One Shot / Re : Craint le vilain chaperon rouge (PV - Elianora)
« le: jeudi 20 novembre 2025, 15:22:14 »Le jeune loup croit avoir gagné. Il croit que je me suis évanouie avec la brume. Il respire plus fort, se redresse, se rengorge même d’un mensonge qu’il tente de se faire à lui-même.
Pauvre petit.
Je souris, un sourire fin comme une lame. Puis je m’élance.
Les ombres deviennent mes compagnes, les troncs mes complices. Je coupe à travers le bois, légère, rapide, presque irréelle. La brume se plie à ma vitesse. Le vent m’évite. Le monde retient son souffle quand je cours.
Le village n’est qu’une lueur au loin. La maison, petite, chaleureuse, fume déjà d’un parfum de bois brûlé et de soupe simple. Une odeur qui colle à la peau, douce, familière.

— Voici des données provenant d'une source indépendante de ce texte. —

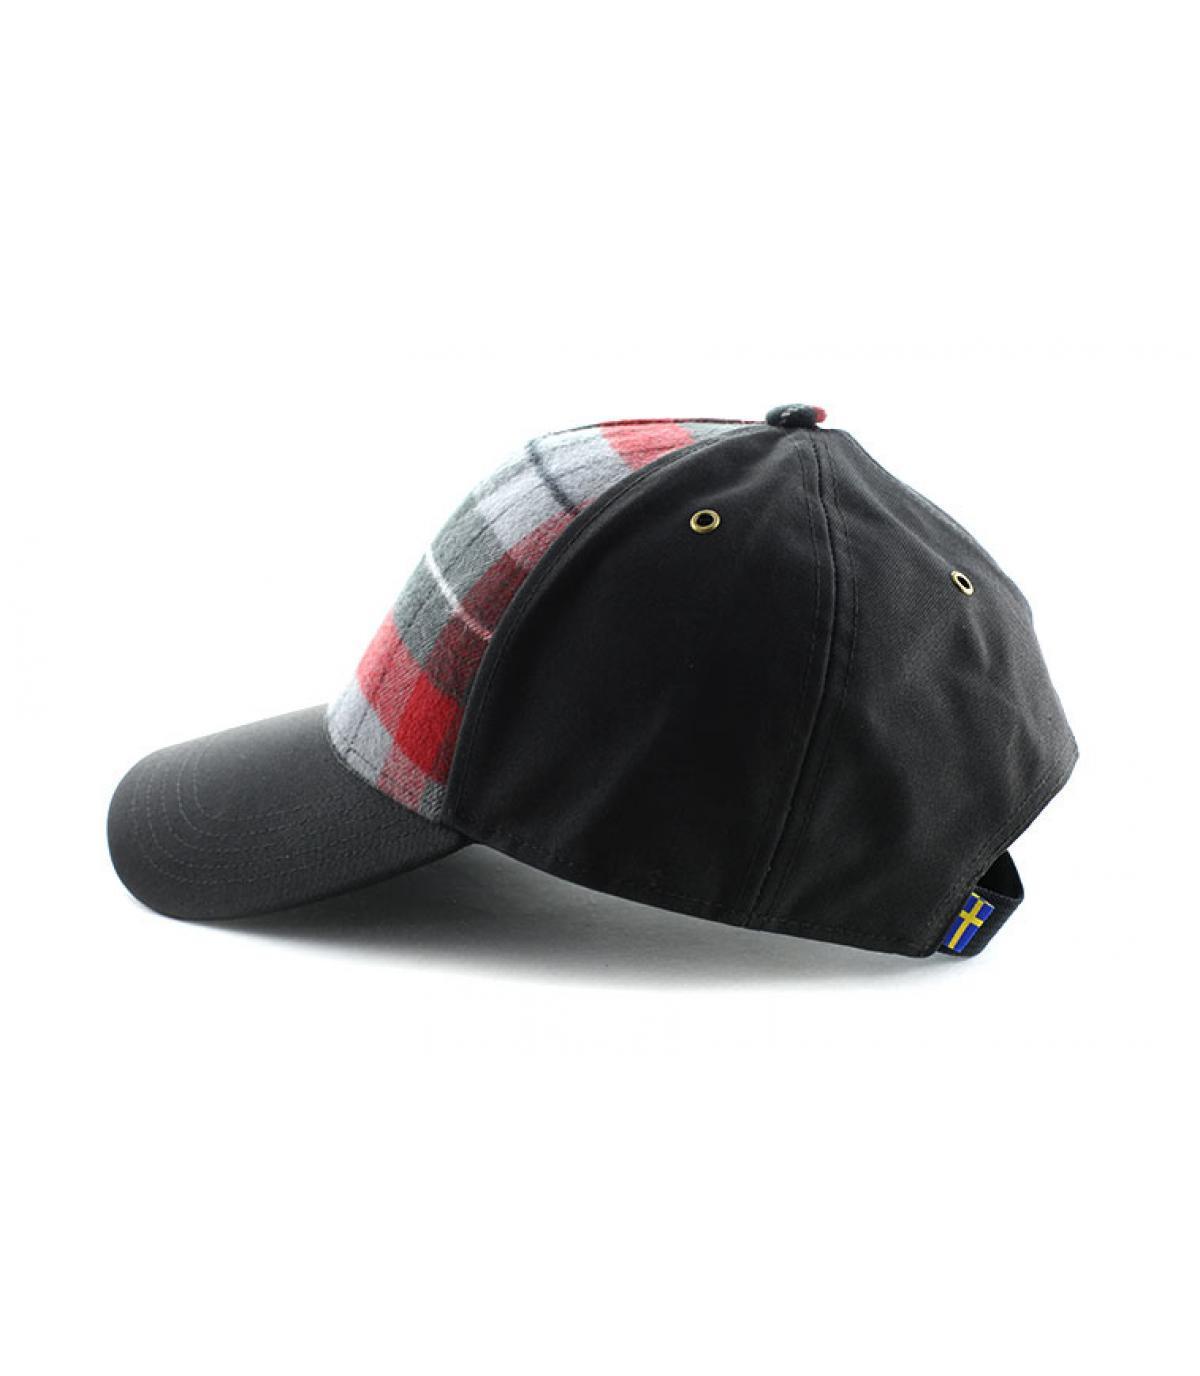 Détails Ovik plaid cap dark grey - image 4

Je frappe comme une enfant perdue.
La porte s’ouvre, révélant une femelle lycan au poil tiédi par la chaleur du foyer, les mains encore farineuses. Ses yeux s’arrondissent en me voyant, silhouette rouge au milieu du gel.
“Oh, ma douce… mais que fais-tu dehors par un froid pareil ?”
Je baisse la tête, juste assez, mes doigts jouant nerveusement avec le bord de ma cape.
“Je… je voulais cueillir des fleurs pour mon papa éreinté par le travail… mais j’ai entendu des bruits étranges, dans la forêt. Des bruits… terrifiants. Alors j’ai couru, sans réfléchir. Je suis tombée sur votre maison. Je… je suis désolée…”
La femme s’adoucit, instantanément. Les mères ont ce cœur tendre qui se déchire devant la peur d’un enfant.
“Ne t’excuse pas, ma chérie. Entre. Tu es gelée !”
Elle m’attrape la main, quelle ironie cette chaleur, et me fait entrer.
“Je vais te préparer une bonne tasse de thé chaud. Mon fils ne devrait pas tarder, c’est un garçon fort, il pourra te raccompagner jusque chez toi.”
Je hoche la tête, docile.
L’intérieur est modeste, mais accueillant. Des herbes sèchent au-dessus du foyer. Deux chaises, une table ronde, une casserole qui mijote doucement. Je retire ma cape rouge et la dépose sur mes cuisses, laissant mes cheveux retomber en boucles humides et sages.
La mère s’affaire, bavarde doucement pour me rassurer. Je souris aux bons moments. Je serre mes mains avec la juste dose de tremblement. Je regarde la porte, à l’occasion, comme si j’espérais voir apparaître un protecteur providentiel.
En vérité, j’écoute.
J’écoute le battement de cœur qui approche. Le froissement nerveux d’un pas qui court. La respiration encore forte d’un jeune loup persuadé d’avoir vaincu ses illusions.
La poignée tourne.
Il entre. Ce jeune mâle aux muscles un peu plus saillants que je croyais avoir vu. La peur est encore dans ses pupilles. La forêt attachée à sa peau. Il relève les yeux, et me voit.
Je suis assise bien droite, mes doigts entourant la tasse chaude que sa mère vient de déposer. Une petite vapeur monte, douce, parfumée. Et je lui offre un sourire.
Juste une étincelle. Une lueur infime, mais inoubliable. Cette flamme qu’il a sentie dans les bois, cette voix sans visage, ce souffle qui a frôlé son âme.
Intérieurement, je me mordille la lèvre inférieure d’entrapercevoir ses muscles se tendre. Son cœur, de trébucher. Une vague de reconnaissance, impossible, insensée, traverse son regard.
Je baisse légèrement les cils, faussement timide, mais mes yeux brillent d’un éclat qui n’appartient qu’à moi.
La mère se retourne, joyeuse :
“Ah, Taren ! Tu tombes bien, mon chéri. Cette petite s’est perdue. Tu vas la raccompagner quand elle aura fini son thé.”
Je porte la tasse à mes lèvres. Une gorgée. Un souffle. Un sourire.
Et je murmure, juste assez pour lui :
“Quel hasard charmant, n’est-ce pas ?”
Une vibration infime, presque imperceptible, traverse la pièce. Un écho de la forêt. Un souvenir de ses frissons.
Je lève la tête. Nos regards se croisent et dans le mien il peut y lire la promesse malicieuse d’un conte qui ne fait que commencer.